The correct interpretation is:
1. 95% of the time I apply method A, the population mean is contained in the computed interval.
In other words, if you apply method A 20 times, you would expect that 19 of the 20 CIs generated will include the population mean.
View attachment 38583
I believe that Pedja's explanation really agrees with statement 1 NOT statement 3.
Both:
2. There's a 95% chance that the population mean m is in the interval (a, b)
3. There's a 95% chance that the interval (a, b) captures the population mean m
are incorrect interpretations.
Unfortunately some textbooks incorrectly interpret it this way.
Here's my explanation (using 90% CI as an example):
Probably the best way to explain it is via an example. Take the example of tossing a die.
Let’s say you toss a die 10 000 times and record the number of 5s.
You would expect to get 1/6 x 10 000 ie about 1667 fives (because You KNOW that p=0.1667 but let’s pretend you don’t.)

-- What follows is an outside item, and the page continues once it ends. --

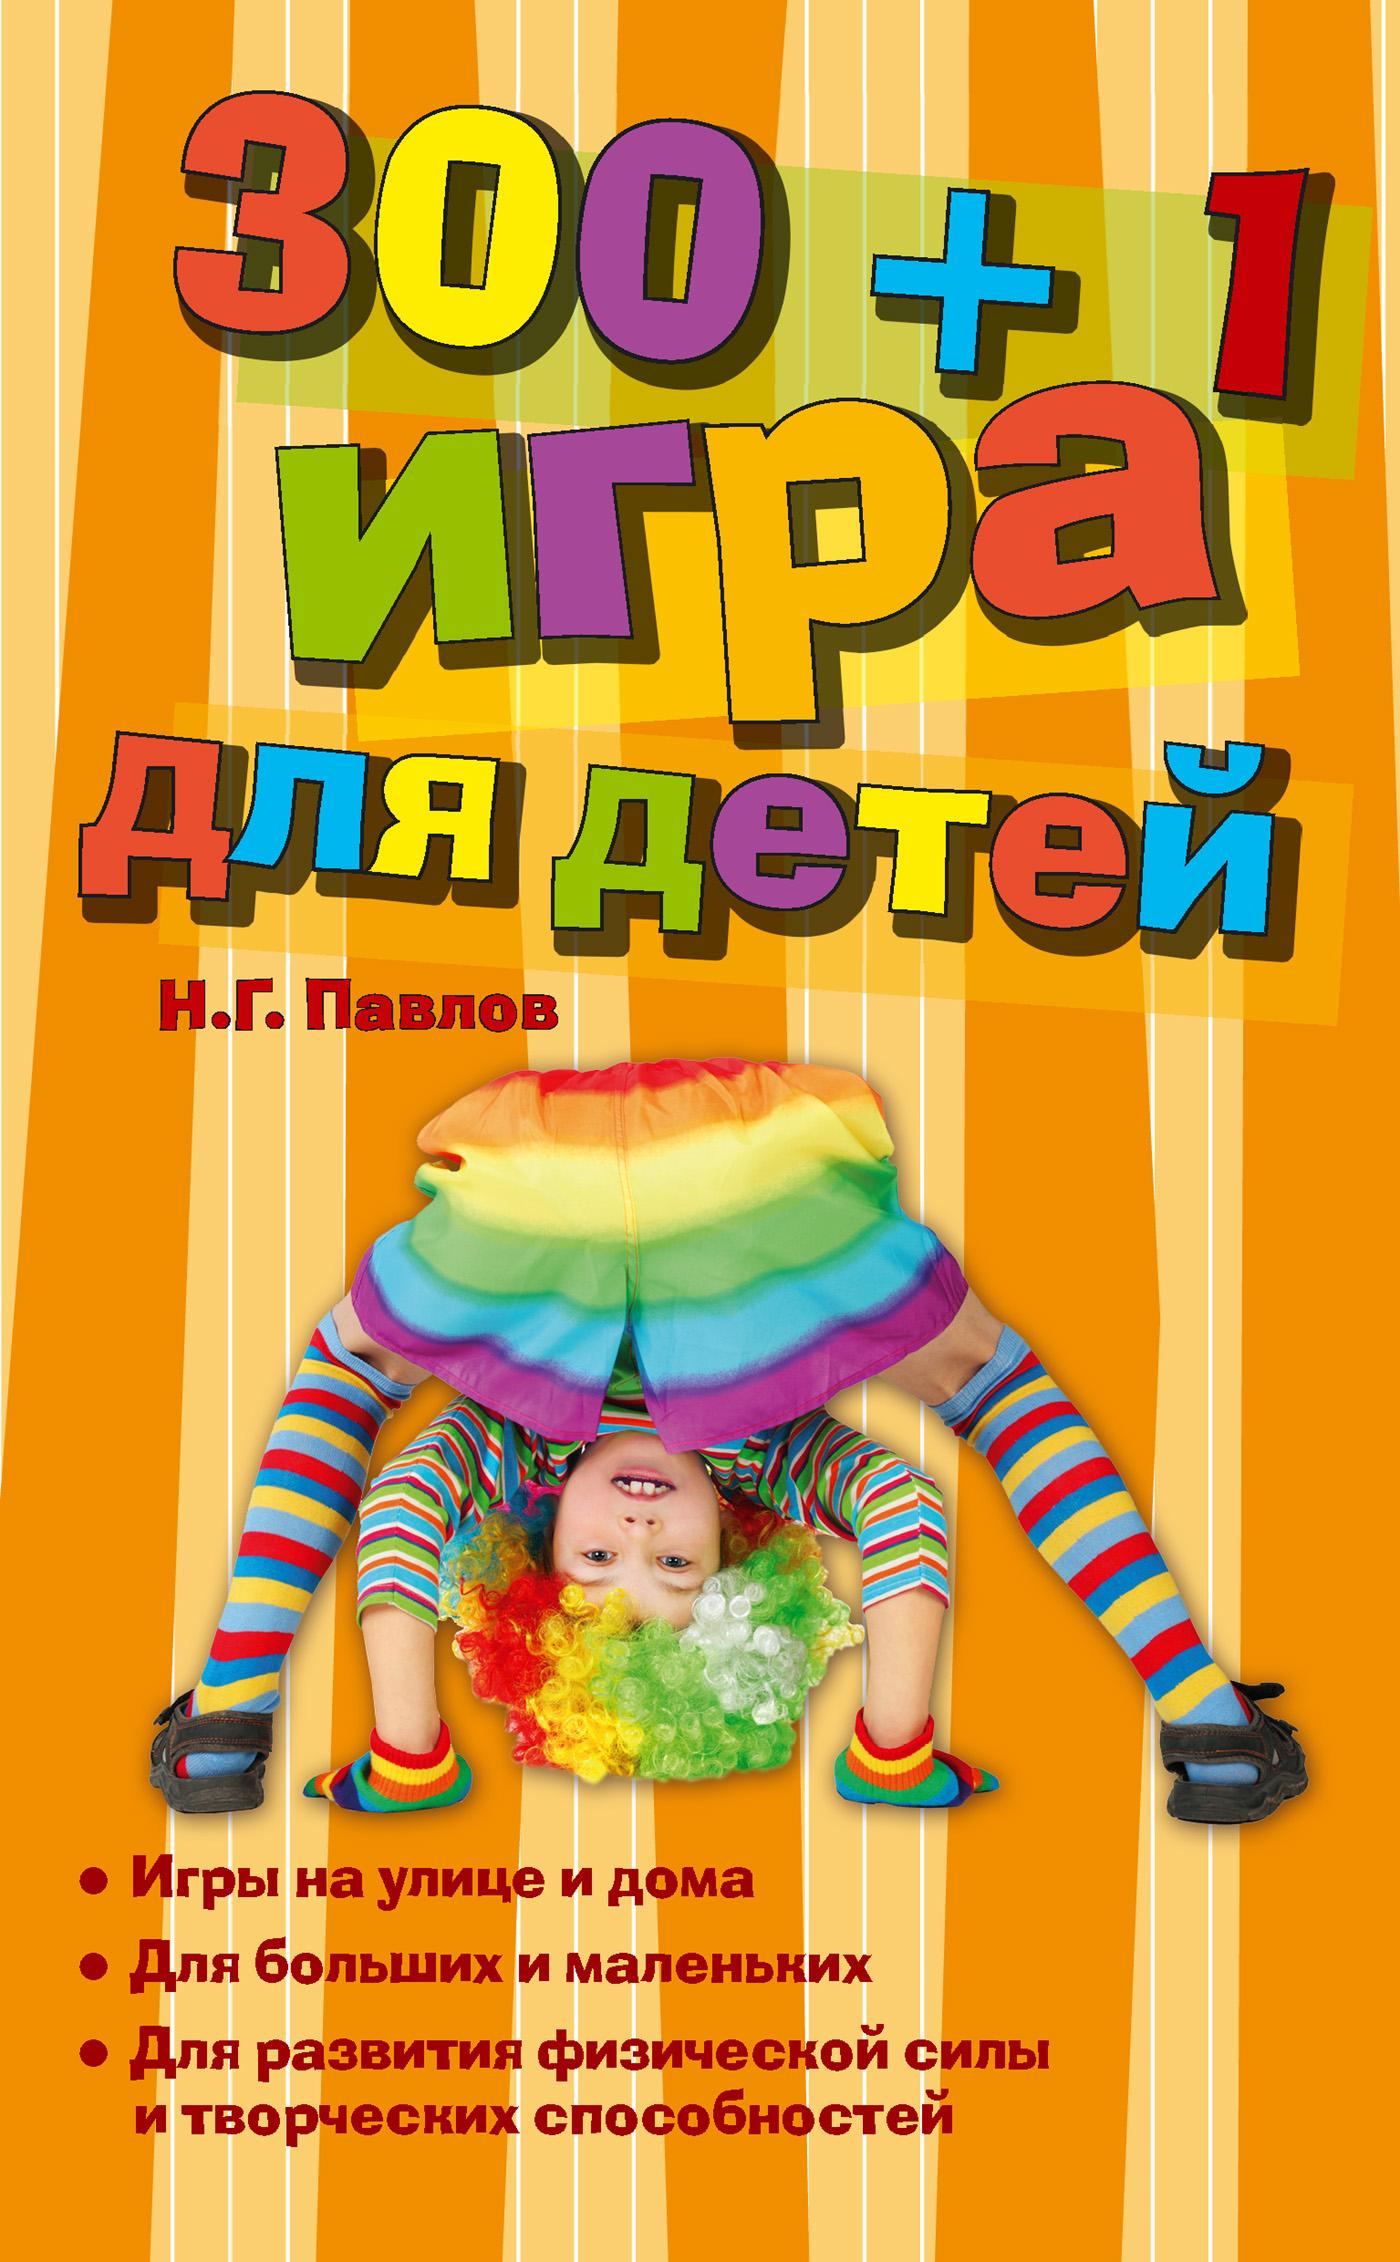 Николай Григорьевич Павлов 300 + 1 игра для детей павлов н 300 1 игра для детей

Each time you do the experiment, you will probably get different values.
Let’s say you get 1200 fives out of 10 000 tosses. This gives you p-hat=1200/10000=0.12.
Your 90% confidence interval would then be:
[0.12-1.645xsqrt(0.12x0.88/10000) , 0.12+1.645xsqrt(0.12x0.88/10000)]
=[0.1147 , 0.1253]
So you
can say you are 90% confident that the real value of p is in this interval. (That's why it is called a Confidence Interval.)
BUT it isn’t (remember p=0.1667) and 0.1667 does NOT lie between 0.1147 and 0.1253
This just happens to be bad luck. It’s not very likely that you would only get 1200 fives, but it
is possible.
If you do this numerous times, 90% of your Cis WILL contain 0.1667, but 10% won’t.
In an example like this, we don’t really need to find a confidence interval for p, because we know, theoretically what it is. We usually find CIs when we don’t know what the population proportion or mean is.
But this example shows that you
can’t say “The probability that the real proportion lies in the interval [0.1147, 0.1253] is 0.90” because it doesn’t.
The prob that the real p(ie 0.1667) lies in [0.1147, 0.1253]
is actually 0, because it doesn’t.
If we happen to choose a sample where 0.1667
does lie in the interval we find (and that will happen 90% of the time), eg [0.15, 0.17], then the probability that the real p lies in
that interval is 1, because it
certainly does.
So, even in cases where we
don’t know the population proportion, or can’t work it out theoretically, we still can’t equate the confidence level with the probability that it lies in the interval we find. That real p is out there somewhere, we just don’t know what it is. So, the prob that the real p lies in the CI is either 0 or 1.
I'm interested to see others' comments.